Der Swiss Market Index (SMI) dürfte im vorbörslichen Handel leicht höher eröffnen, wobei die weltweiten Märkte eine gemischte Performance zeigen. Die asiatischen Märkte entwickelten sich überwiegend positiv, während die US-Märkte aufgrund schwacher Einzelhandelsumsätze und Bedenken im KI-Sektor uneinheitlich schlossen. An den Devisenmärkten schwächt sich der Dollar gegenüber dem Schweizer Franken leicht ab, während die Ölpreise ihre Gewinne halten. Die Anleger warten auf wichtige US-Arbeitsmarkt- und Inflationsdaten, um Hinweise auf die künftige Zinspolitik zu erhalten.

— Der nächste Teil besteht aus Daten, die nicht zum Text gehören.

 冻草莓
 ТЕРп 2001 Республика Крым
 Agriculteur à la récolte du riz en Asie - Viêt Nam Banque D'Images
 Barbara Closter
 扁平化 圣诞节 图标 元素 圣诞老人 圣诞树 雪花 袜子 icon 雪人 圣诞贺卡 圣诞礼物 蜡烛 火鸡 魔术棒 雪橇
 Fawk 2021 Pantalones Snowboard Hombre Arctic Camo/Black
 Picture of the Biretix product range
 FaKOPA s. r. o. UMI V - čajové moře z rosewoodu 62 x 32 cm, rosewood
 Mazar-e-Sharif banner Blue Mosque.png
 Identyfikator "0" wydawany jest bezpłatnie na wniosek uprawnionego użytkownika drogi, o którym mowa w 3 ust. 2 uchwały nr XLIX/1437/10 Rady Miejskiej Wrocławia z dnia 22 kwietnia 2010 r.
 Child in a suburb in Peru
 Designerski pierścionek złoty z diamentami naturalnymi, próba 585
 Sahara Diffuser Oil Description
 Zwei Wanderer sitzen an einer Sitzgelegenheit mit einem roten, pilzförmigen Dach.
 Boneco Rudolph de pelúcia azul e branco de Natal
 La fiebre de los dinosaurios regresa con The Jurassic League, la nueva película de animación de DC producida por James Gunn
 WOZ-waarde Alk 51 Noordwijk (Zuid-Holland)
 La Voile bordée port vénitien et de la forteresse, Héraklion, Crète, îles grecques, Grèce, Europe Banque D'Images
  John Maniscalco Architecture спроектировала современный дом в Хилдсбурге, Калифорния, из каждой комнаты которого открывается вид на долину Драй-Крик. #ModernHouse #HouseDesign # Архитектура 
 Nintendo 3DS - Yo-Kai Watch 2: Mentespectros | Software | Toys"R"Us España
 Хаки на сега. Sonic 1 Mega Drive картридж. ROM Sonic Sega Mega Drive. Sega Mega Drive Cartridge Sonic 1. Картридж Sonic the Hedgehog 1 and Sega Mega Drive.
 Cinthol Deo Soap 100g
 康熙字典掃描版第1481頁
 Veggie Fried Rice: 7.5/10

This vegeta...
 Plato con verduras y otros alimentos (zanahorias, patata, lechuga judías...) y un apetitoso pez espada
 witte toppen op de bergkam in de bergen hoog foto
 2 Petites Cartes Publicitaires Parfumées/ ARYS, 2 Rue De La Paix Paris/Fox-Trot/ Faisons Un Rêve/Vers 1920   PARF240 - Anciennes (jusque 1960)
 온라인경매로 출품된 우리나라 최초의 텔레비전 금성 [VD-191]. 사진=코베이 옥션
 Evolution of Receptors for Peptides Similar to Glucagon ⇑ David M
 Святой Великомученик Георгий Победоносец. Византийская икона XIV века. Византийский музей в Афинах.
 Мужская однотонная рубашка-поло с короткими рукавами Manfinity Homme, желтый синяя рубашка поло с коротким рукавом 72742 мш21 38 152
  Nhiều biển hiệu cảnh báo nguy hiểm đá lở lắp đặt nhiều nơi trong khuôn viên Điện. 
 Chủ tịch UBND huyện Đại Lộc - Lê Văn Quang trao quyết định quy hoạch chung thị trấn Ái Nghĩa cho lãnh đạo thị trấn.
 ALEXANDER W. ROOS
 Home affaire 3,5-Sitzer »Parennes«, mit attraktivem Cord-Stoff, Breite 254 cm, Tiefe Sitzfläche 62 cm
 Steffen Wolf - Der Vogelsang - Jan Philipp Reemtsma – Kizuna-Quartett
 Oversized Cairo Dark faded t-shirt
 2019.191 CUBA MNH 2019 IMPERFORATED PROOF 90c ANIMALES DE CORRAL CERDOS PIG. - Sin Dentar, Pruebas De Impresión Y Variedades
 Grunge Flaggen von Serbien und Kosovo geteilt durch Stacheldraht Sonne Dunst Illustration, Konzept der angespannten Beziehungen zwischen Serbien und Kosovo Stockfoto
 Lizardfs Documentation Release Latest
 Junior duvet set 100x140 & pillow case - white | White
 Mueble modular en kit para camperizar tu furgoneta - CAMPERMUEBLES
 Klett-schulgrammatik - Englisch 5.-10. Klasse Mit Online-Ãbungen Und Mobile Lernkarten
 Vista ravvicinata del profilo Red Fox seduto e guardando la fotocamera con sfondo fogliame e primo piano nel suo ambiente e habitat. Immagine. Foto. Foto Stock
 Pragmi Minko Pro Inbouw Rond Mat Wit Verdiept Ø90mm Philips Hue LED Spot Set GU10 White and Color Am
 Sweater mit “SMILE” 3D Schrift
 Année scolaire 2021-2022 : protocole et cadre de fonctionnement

Ein neues KI-Tool, das vom Start-up Altruist eingeführt wurde, hat zu erheblichen Kursverlusten bei Vermögensverwaltungsgesellschaften wie Julius Bär und Charles Schwab geführt, da Investoren befürchten, dass KI-gesteuerte Effizienzsteigerungen zu einer Gebührendämpfung und einer Disruption der Branche führen könnten.
Brokerage-Aktien stehen aufgrund der Disruption durch KI unter erheblichem Marktdruck. Unternehmen wie LPL Financial und Charles Schwab sehen sich mit Verkaufswellen konfrontiert, da neue KI-gestützte Plattformen wie Altruist und Hazel Software traditionelle Brokerage-Modelle auf den Kopf stellen.